Orson Welles Commentaries

(1945) Fifteen-minute radio editorials, news, and political commentary. Sponsored by Lear Radios. ABC.

During World War II, Welles often expressed his policital and social views on the air, supporting the Democratic Party or the war-effort in general. From January to June 1945, the New York Post syndicated a regular editorial column by Welles that combined Hollywood gossip and policital content. As the Hollywood content lost out to policital commentary, the Post dropped the column. Orson Welles Commentaries are a continuation of this effort, again combining Hollywood and Broadway news and opinion with Welles's liberal policital views.
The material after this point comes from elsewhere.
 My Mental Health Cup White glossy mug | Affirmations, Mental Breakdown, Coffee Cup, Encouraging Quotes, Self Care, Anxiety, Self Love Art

The most famous episodes address the case of Isaac Woodard, Jr., a decorated African-American solider badly beaten and blinded by police in South Carolina. Welles drew attention to the injustice over a series of weeks, bringing it to national attention and naming the officer responsible for the assault.



First episode of the "Orson Welles Commentaries" program.



Welles tells Robert J. Flaherty's "The Story of Bonito ,the Bull". The story was previously a part of Welles' unfinished film "It's All True".



Unable to host because of illness, Welles is replaced by George Hays.



In this episode, Welles speaks about black war veteran Isaac Woodard, Jr., who was beaten by police in South Carolina. Mr. Woodard was blinded because of the beating.



Second episode about Mr. Isaac Woodard, Jr.



Third episode about Mr. Isaac Woodard, Jr.



Fourth episode about Mr. Isaac Woodard, Jr.



Fifth and final episode about Mr. Isaac Woodard, Jr.